Start_Time = time.time()
sim = pybamm.Simulation(model, experiment=experiment, solver=pybamm.IDAKLUSolver())
# sim = pybamm.Simulation(model, experiment=experiment, solver=pybamm.CasadiSolver(mode="safe", extra_options_setup={"max_step_size": 1 / (ACFrequency * Resolution)}))
solution = sim.solve()

This uses a lot less memory for me (16 GB and I’m currently up to cycle 310 / 2500).

2 Likes

@Nicholas_Budenberg representing the sinusoidal step as a symbolic pybamm expression using the symbolic time pybamm.t can be more efficient. Building on @martinjrobins’ suggestion:

tf = 1 / ACFrequency * NumberOfCycles
current = DCOffset + ACAmplitude * (np.sin(2 * np.pi * pybamm.t * ACFrequency))

Number_Of_Cycles = 500
Steps = [
    pybamm.step.current(current, termination="2.5 V", duration=tf),
    "Charge at 0 A for 5 minutes",
    "Charge at 10 A until 4.2 V",
    "Hold at 4.2 V until 50 mA",
    "Charge at 0 A for 5 minutes"
] * Number_Of_Cycles

experiment = pybamm.Experiment(Steps)

This runs about 10x faster than the previous version on my machine (tested for 10 cycles).

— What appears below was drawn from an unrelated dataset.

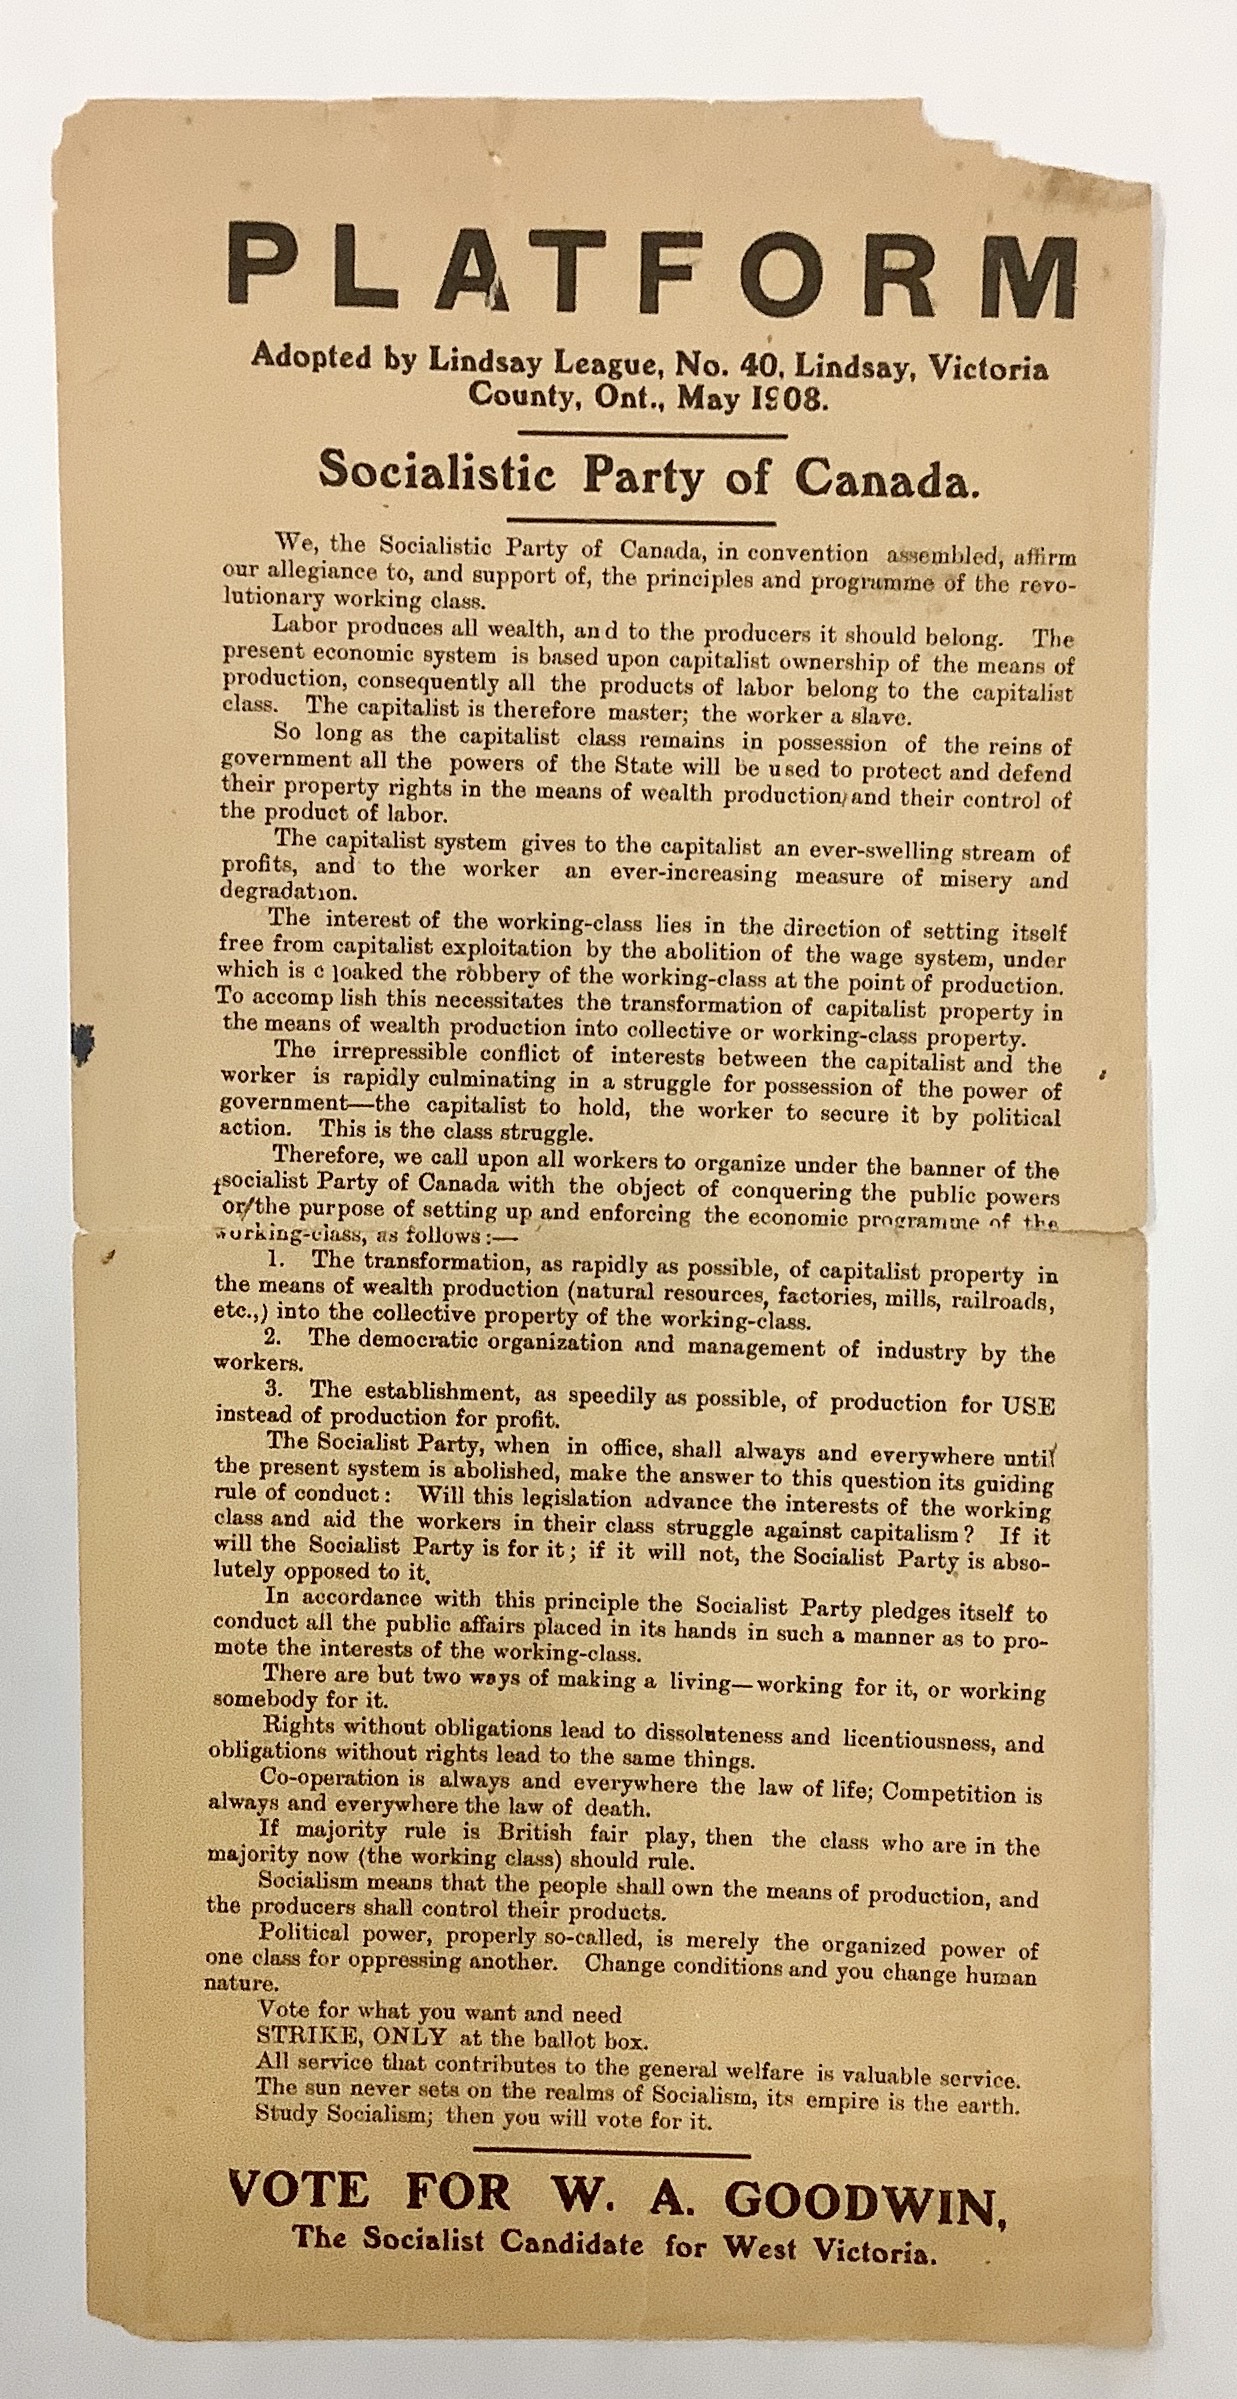 Image d’un document politique en texte noir et blanc

As a side note, you can see the simulation progress with

solution = sim.solve(showprogress=True)
1 Like

Hello @Marc,

Thank you very much for your timely reply, I have run the code with your speed-up, and can certainly notice it, however I am running into another error:


Looking at the currents, it looks as though the time is referenced to the start of the experiment, is it possible to reference it to the start of the step? I am trying to understand this example:
https://docs.pybamm.org/en/stable/source/examples/notebooks/expression_tree/expression-tree.html
however I am very new to this and so it is not coming easily at the moment.

Where might I be able to understand more efficiency techniques like this one?

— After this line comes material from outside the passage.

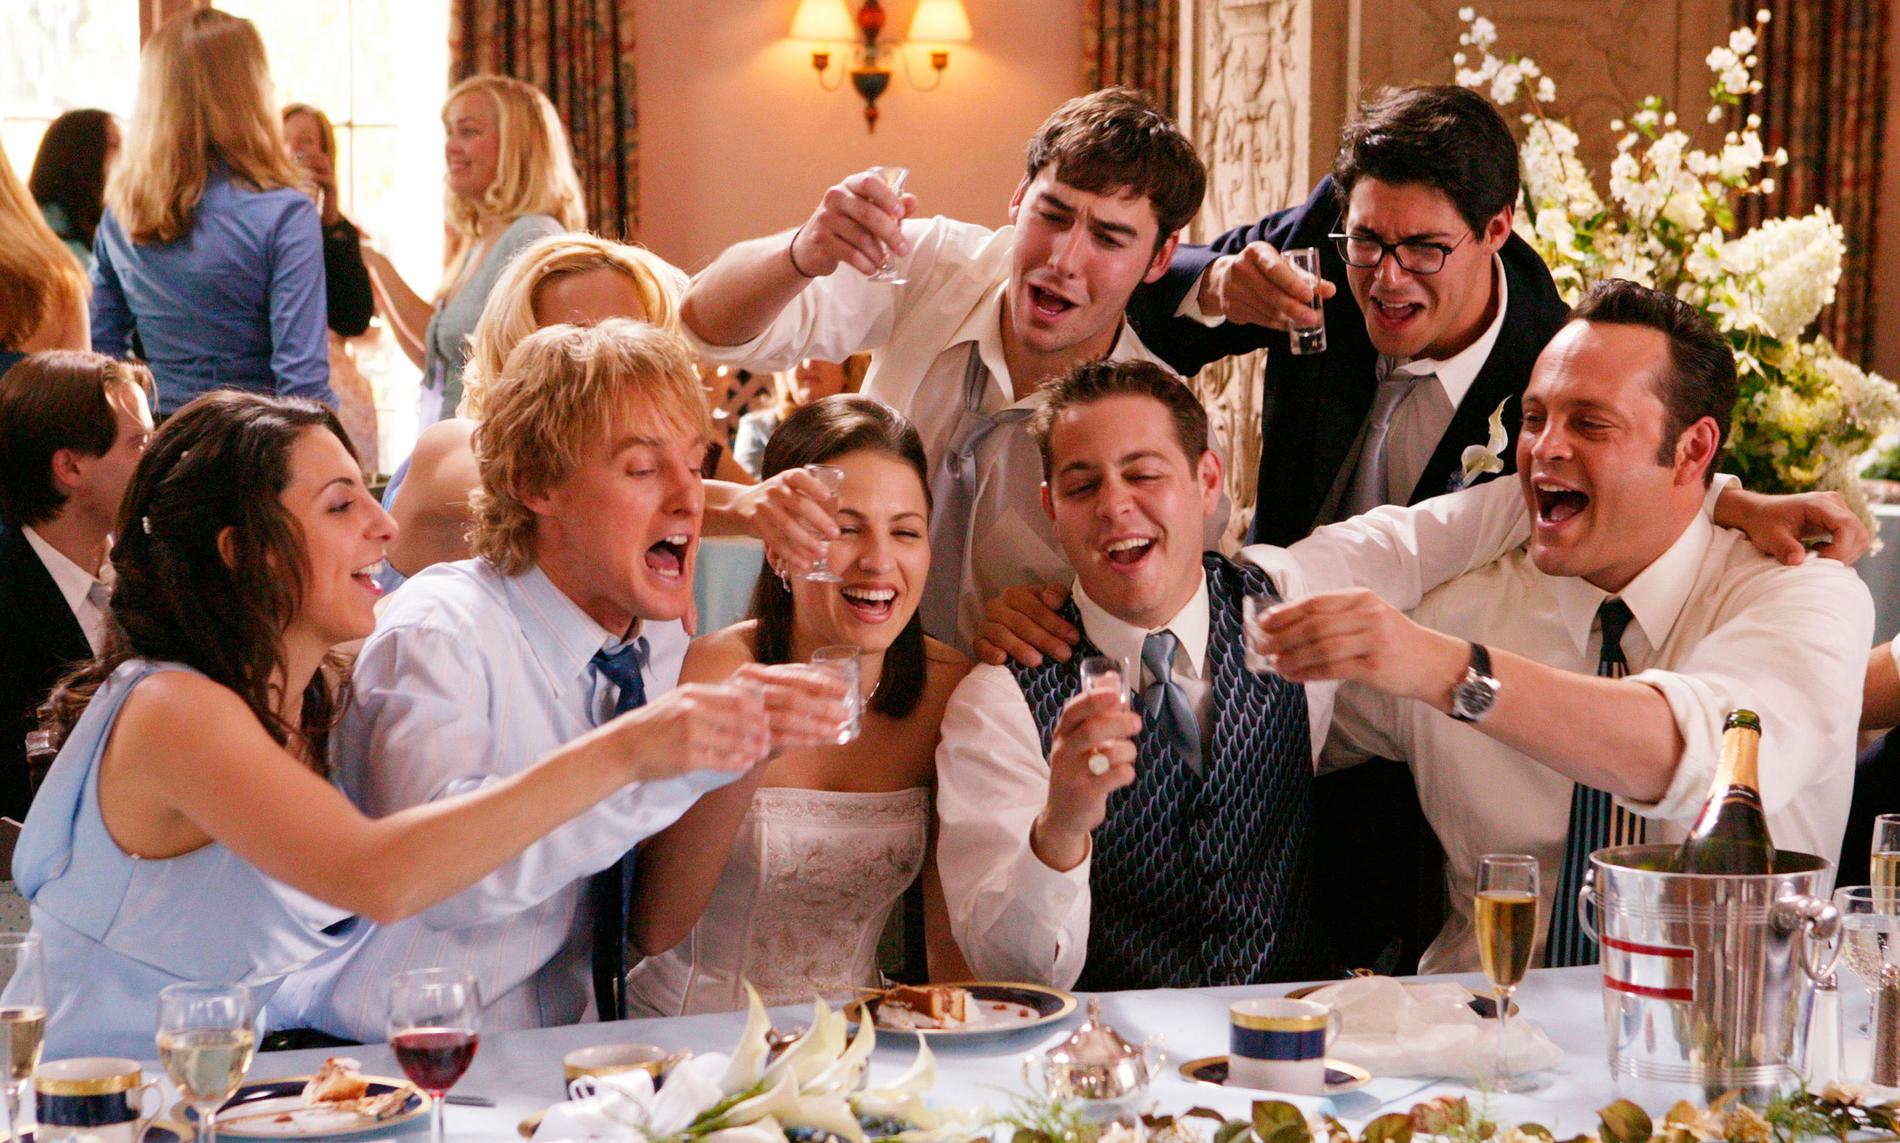 I filmen går Wilson och Vaughn oinbjudna på bröllop för att festa och ragga.

Also one of the reasons that I was running the long experiments like this broken up into cycles was so that I was able to “look into” the experiment as it was running (Before I was letting it run for a few days as the duty-cycle had frequencies around 100Hz). Can you think of any way I might be able to do this using this method?

Thank you very much @martinjrobins,

I have tried this and it indeed doesn’t use up as much RAM, however when performing experiments like this I am unable to “look into” how the simulation is progressing by loading one of the already completed files, is there a way to do this using this method?

The key thing is to move the creation of the pybamm.Simulation object outside the loop. You can then do something similar to what you originally had, saving the solution incrementally. See this example on resuming a simulation solve Simulating long experiments — PyBaMM v25.1.1 Manual

ie. use sim.solve(starting_solution=sol) rather than what you had originally, as the model used by the simulation will not be model anymore but rather an internal built model

1 Like

@martinjrobins Thank you very much!
This has solved the issue perfectly.

1 Like

@Nicholas_Budenberg my mistake – I forgot the initial step offset. The two solutions are identical if you do

t = pybamm.t - pybamm.InputParameter("start time")
current = DCOffset + ACAmplitude * (np.sin(2 * np.pi * t * ACFrequency))

I tightened the solver tolerances and it simulates all steps:

pybamm.IDAKLUSolver(rtol=1e-5, atol=1e-10)
1 Like

Hello @Marc
Both of your solutions have worked perfectly, thank you very much!